Wissenschafter ergründen den CO2-Ausstoß des Schweizer Genfersees
Im Gegensatz zu den Ozeanen sind Seen große CO2-Produzenten. Wissenschaftern aus Lausanne ist es gelungen, den kompletten Kohlenstoffkreislauf im Schweizer Genfersee zu erklären und damit ein Modell zu schaffen, das auf andere große Seen in der Welt anwendbar ist.
Traditionelle wissenschaftliche Theorien führten die CO2-Emissionen der Seen bisher auf den massiven Eingang von organischem Material aus den umliegenden Böden in den See zurück, wie die Universität Lausanne (UNIL) am Mittwoch in einer Medienmitteilung schrieb. Dieses Material aus pflanzlichen und tierischen Rückständen in den Böden wird durch Regenfälle ins Wasser gespült. Sobald es in die Seen gelangt, wird es von den dort lebenden Mikroorganismen zersetzt. Dadurch entsteht CO2.
Theorie funktioniert nicht für den Genfersee
Diese Theorie kann zwar die Aktivitäten einiger Seen erklären, sie funktioniert aber nicht für den Genfersee. Denn dieser erhält nur sehr wenig organisches Material von seinen Ufern. Die CO2-Bilanz des Genfersees über ein Jahr sollte deshalb neutral sein: Mit einer CO2-Produktion im Winter (durch die Zersetzung von organischem Material und der Umwälzung des Wassers) und der CO2-Aufnahme im Sommer (durch die Photosynthese der Algen).
Die Gründe, warum dem im Genfersee nicht so ist, hat nun ein Team von Wissenschaftern der UNIL in einer in der Zeitschrift "Science Advances" veröffentlichten Studie entschlüsselt: Demnach stammt ein Großteil der Emissionen in Wirklichkeit von der natürlichen Erosion des Gesteins beim oberen Seeufer. Das Regenwasser setze nämlich beim Auftreffen auf die Felsen Bicarbonat- und Calcium-Ionen frei, die dann in den See gelangten. Im Sommer bildeten die Ionen aufgrund der Hitze und des Algenwachstums Mikro-Kalkpartikel. Dies werde als Calcitausfällung bezeichnet.
Chemische Reaktion verleiht dem See seine Farbe
Diese chemische Reaktion setze CO2 frei und verleihe dem See in der warmen Jahreszeit sein milchig-blaugrünes Aussehen. Die vielen Algen nähmen zwar weiterhin CO2 auf, aber das reiche nicht aus, um die massive Produktion aus der Gesteinsverwitterung zu kompensieren. Die zusätzlichen Emissionen seien also das Ergebnis eines geologischen Prozesses und nicht nur eines biologischen, wie bisher angenommen.

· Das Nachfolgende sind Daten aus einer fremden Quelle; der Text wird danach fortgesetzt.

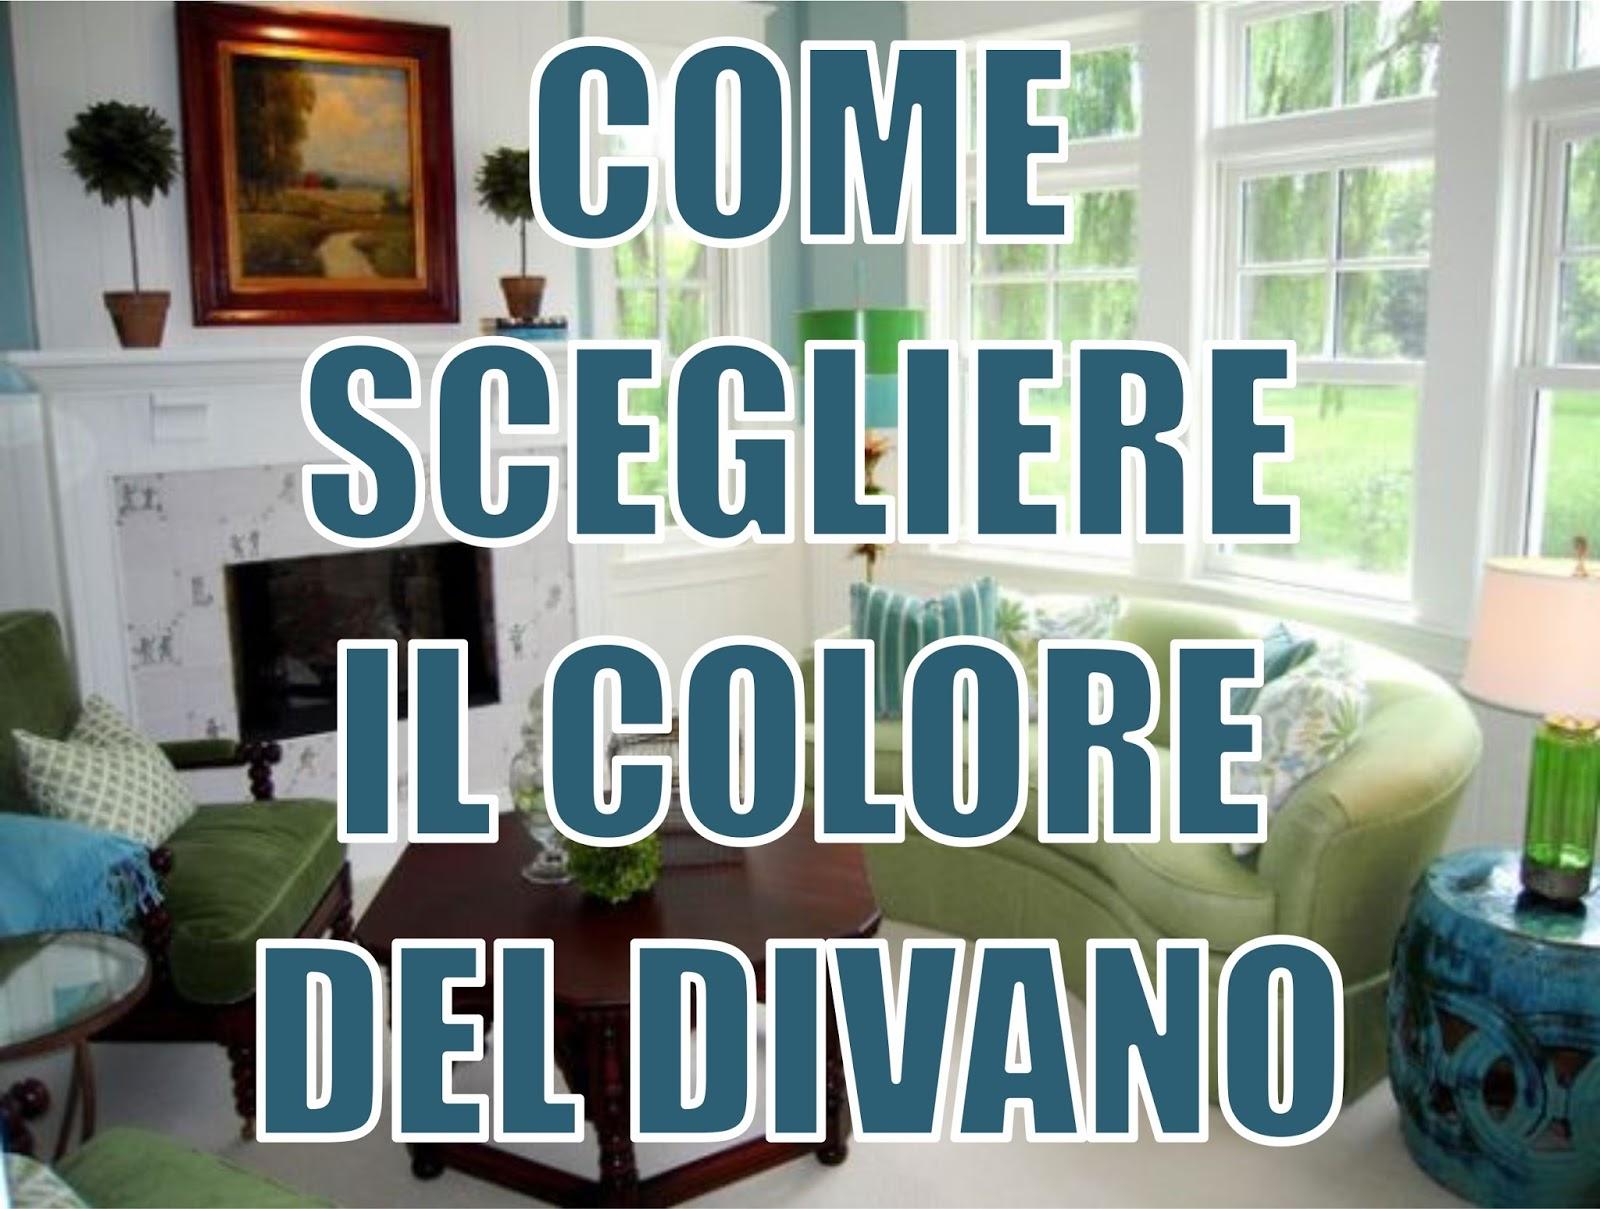 Come scegliere il colore giusto per il divano del tuo soggiorno

"Diese Erkenntnisse decken einen universellen Prozess auf, der für mehrere große, symbolträchtige Seen auf der ganzen Welt gilt", wird die Professorin für Limnologie an der UNIL und Mitautorin der Studie, Marie-Elodie Perga, in der Mitteilung zitiert.
Das Team nutzte die Experimentierplattform LéXPLORE bei Pully VD, um die Prozesse in sehr kleinem Maßstab zu beobachten, zu modellieren und in Gleichungen umzuwandeln. Diese lieferten nun das fehlende Puzzleteil zu den herkömmlichen Modellen des Kohlenstoffkreislaufs. Die neuen Daten könnten auch dazu beitragen, die globale Erwärmung richtig zu bekämpfen, schrieb die UNIL.